# [Exercise prompt]
Only the lines below starting at the one containing "Covor de exterior" and ending at the one containing "2NDDAY Klostuotos kelnės 'Megan' geltona" belong in the answer, each copied exactly.

-------- Available records

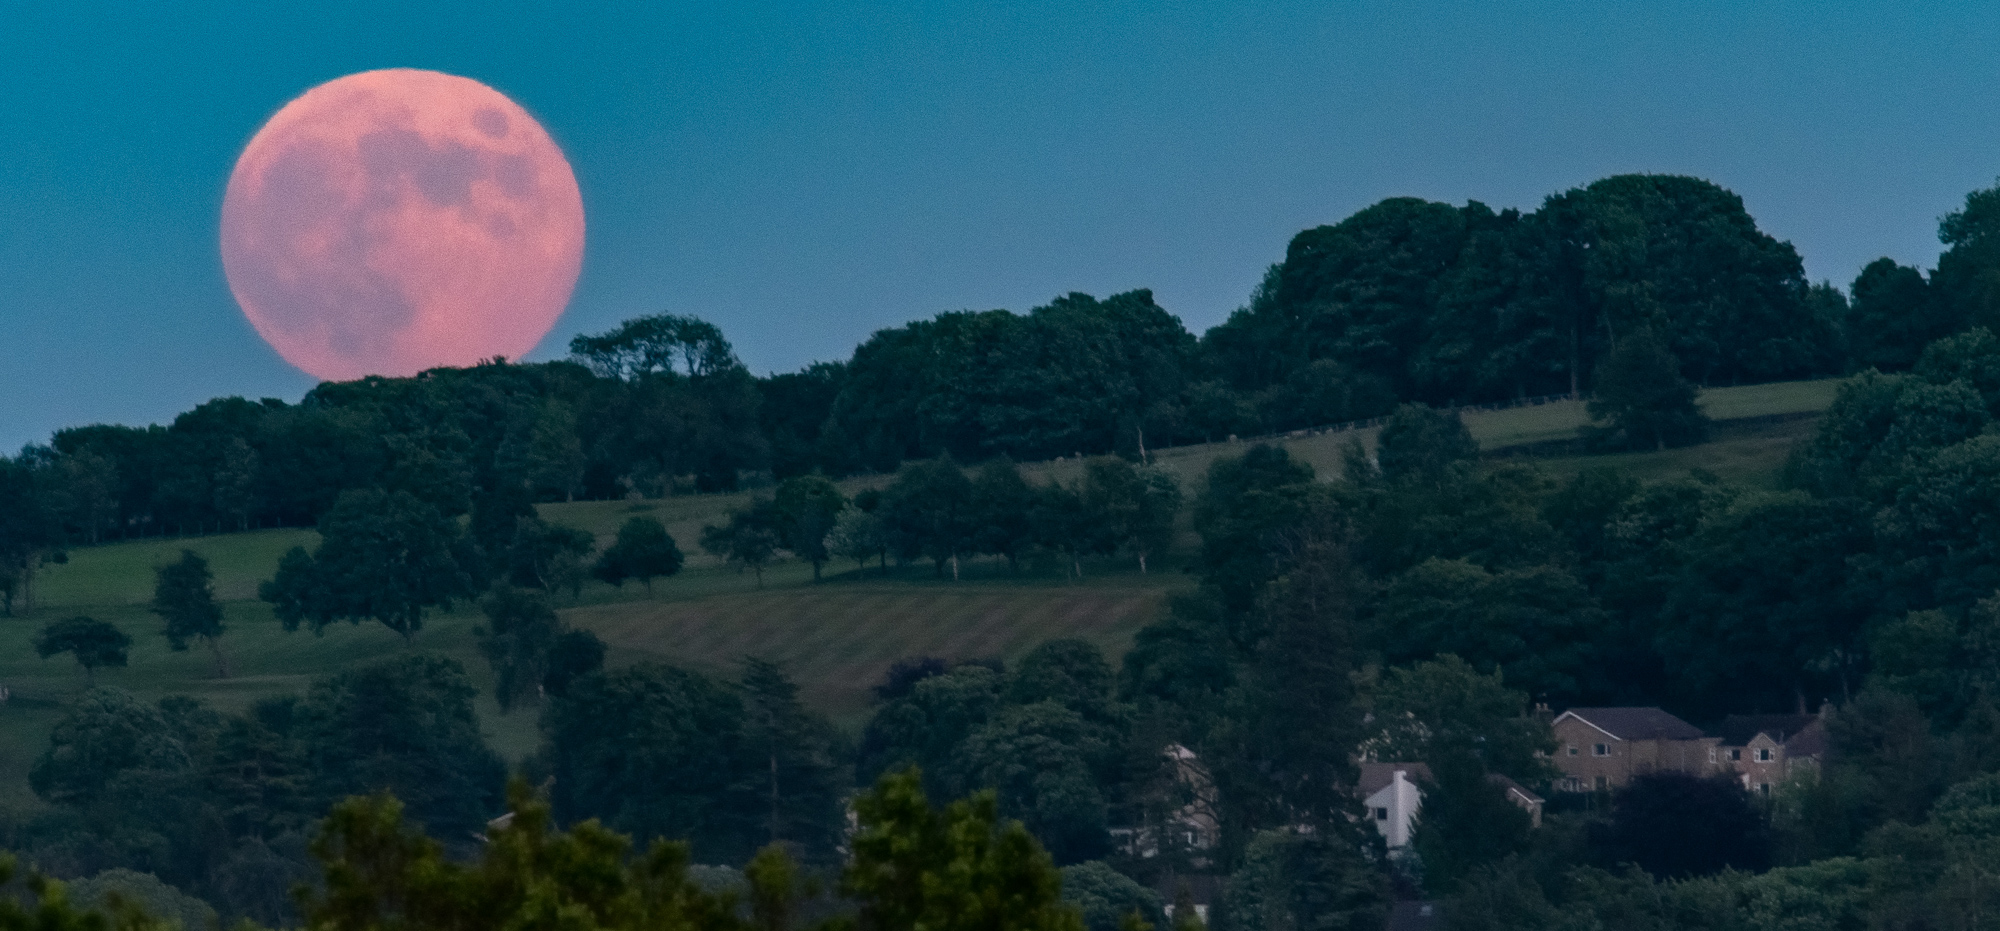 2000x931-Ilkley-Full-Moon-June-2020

----------------
-------- Available records

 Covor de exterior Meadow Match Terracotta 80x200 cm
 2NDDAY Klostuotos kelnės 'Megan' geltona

----------------

# [Solved exercise]
 Covor de exterior Meadow Match Terracotta 80x200 cm
 2NDDAY Klostuotos kelnės 'Megan' geltona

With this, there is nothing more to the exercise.